То, как польский театр утратил критический инструментарий, — тема, конечно, богатая разнообразными контекстами, проблемами, нюансами. Я хотел бы, однако, сосредоточиться на двух, дополняющих друг друга вопросах: тактике скрытого монтажа
и риторической фигуре полноты жизни. Во время работы над «Стойким принцем» Гротовский открыл эмоционально обезоруживающий эффект замаскированного монтажа[751]: приемы монтажа, сознательно производимые режиссером, должны остаться для зрителя незаметными. Рассмотрим в качестве примера знаменитую фигуру «Пьеты» из этого спектакля. Ее место — не только в регистре религиозной иконографии, богато присутствующей во всем спектакле, но также и в череде столь же экспансивных сексуальных образов, — что позволяет, таким образом, ассоциировать ее со сценой орального сексуального акта между преследователем и его жертвой. Вряд ли я должен объяснять, какое из этих прочтений экспонировалось, а какое было подвергнуто полному вытеснению. Сила аффекта, высвобожденного игрой противоречий, поддерживала послания, наделенные мощной символикой; подсознательный, вытесненный смысл образа придавал торжествующей религиозной символике эффект органичности, натурализовал ее, вписывал в извечный язык тела. Противостоящие друг другу реальности (любви и страдания, жизни и смерти, наслаждения и горечи, унижения и возвышения, истории и мифа) дополняли друг друга и взаимопроникали в подсознание зрителей, взрываясь в сфере их эмоций, высвобождая тем самым и фиксируя переживание беззащитности. Беззащитность же становилась условием шока, потрясения, которое зрители должны были принять как дар жизни, открытие пути к ее полноте.Свинарский начиная с момента работы над «Дзядами» беспрестанно подчеркивал, как его завораживает многообразие феноменов действительности, взаимопроникновение контрастных явлений в каждом жизненном событии[752]

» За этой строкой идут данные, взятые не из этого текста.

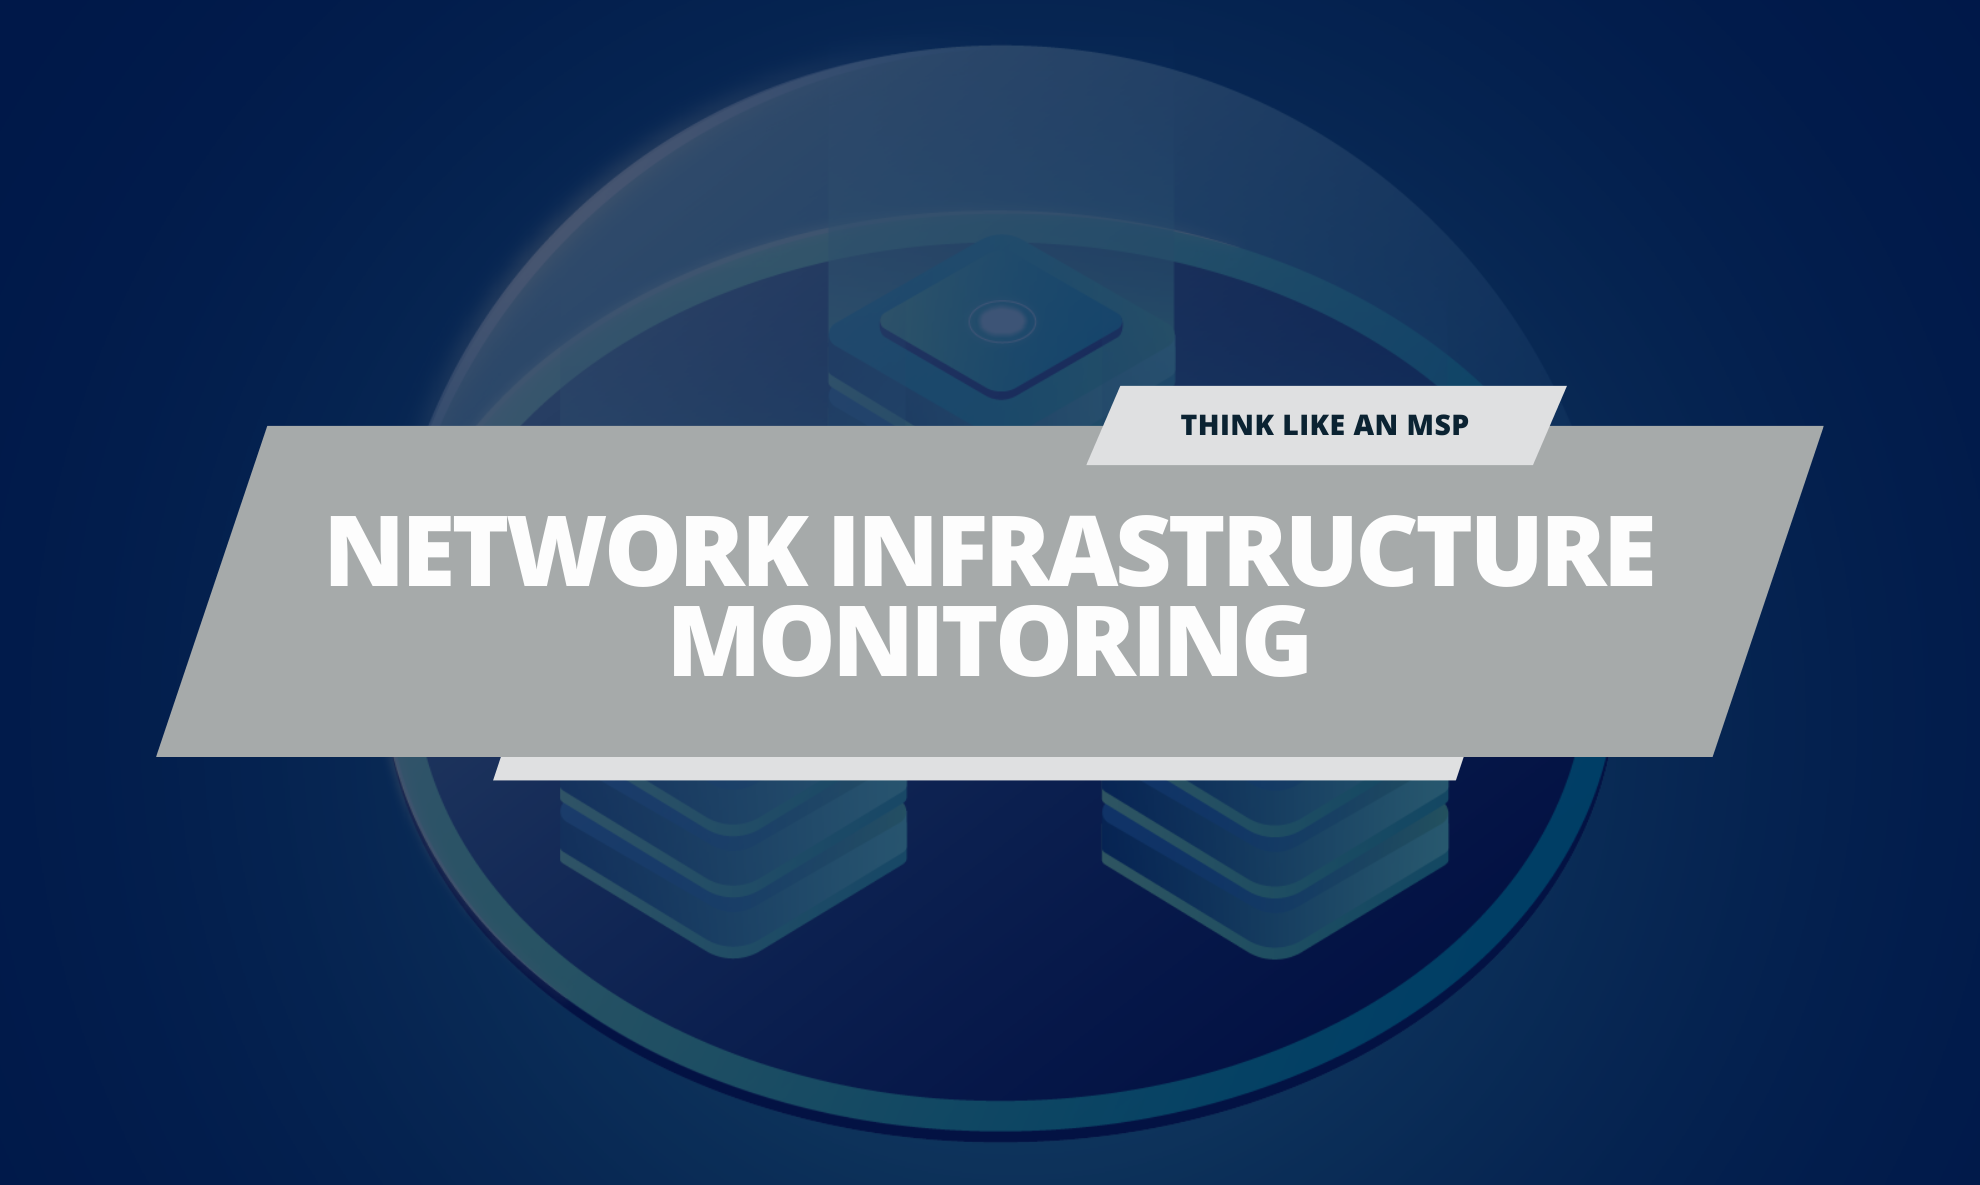 Getting Started With Network Infrastructure Monitoring

. Почти привычно он подчеркивал, что ему важно мотивировать зрителя мыслить самостоятельно, но на практике речь шла уже о чем-то другом: о том, чтобы разбередить экзальтацию, связанную с возможностью погрузиться в то, что выходит за пределы индивидуального переживания. Свинарский, правда, все время говорил о конфликтах, которые раздирают общество, но сам работал над эффектом иного рода: поглощения социальной действительности мифом. Фигура множественности приводила к тому, что между историей и жизнью можно было поставить знак равенства: полного их взаимопроникновения в потоке открытой процессуальности. Однако условием достижения такого эффекта было подавление языка ресентимента, который Свинарский не только прекрасно понимал, но также умел им пользоваться. Еще в записях репетиций «Гамлета» этот язык звучит в полную силу[753]. Свинарский уже не хотел, однако, пробуждать критическую позицию, он мечтал об эффекте избавления; в одном из интервью он так представил свое отношение к зрителям в «Дзядах»: «моя задача — так их обмануть, чтобы они проглотили все, от начала до конца. Третьего не дано. Или все отвергается, или все принимается. Потому что как раз из‐за того, что спектакль столь двойственен, не может быть двойственной интерпретации»[754]. Напомню еще о беспокойстве Марты Фик, которая в заключение обширной рецензии «Дзядов» писала: «А ведь где-то же должна скрываться слабость этой постановки, которая, хоть сама и целит в конформизм, нравится всем»[755]. Можно копать дальше: кто эти «все», о которых пишет Марта Фик? Чем является то «все», о котором говорит Свинарский? В каких исторических условиях можно пользоваться такими категориями, не испытывая необходимости дать им определение? Не является ли тут необходимым условием спонтанное принятие и наделение аффективной силой понятия «общности»?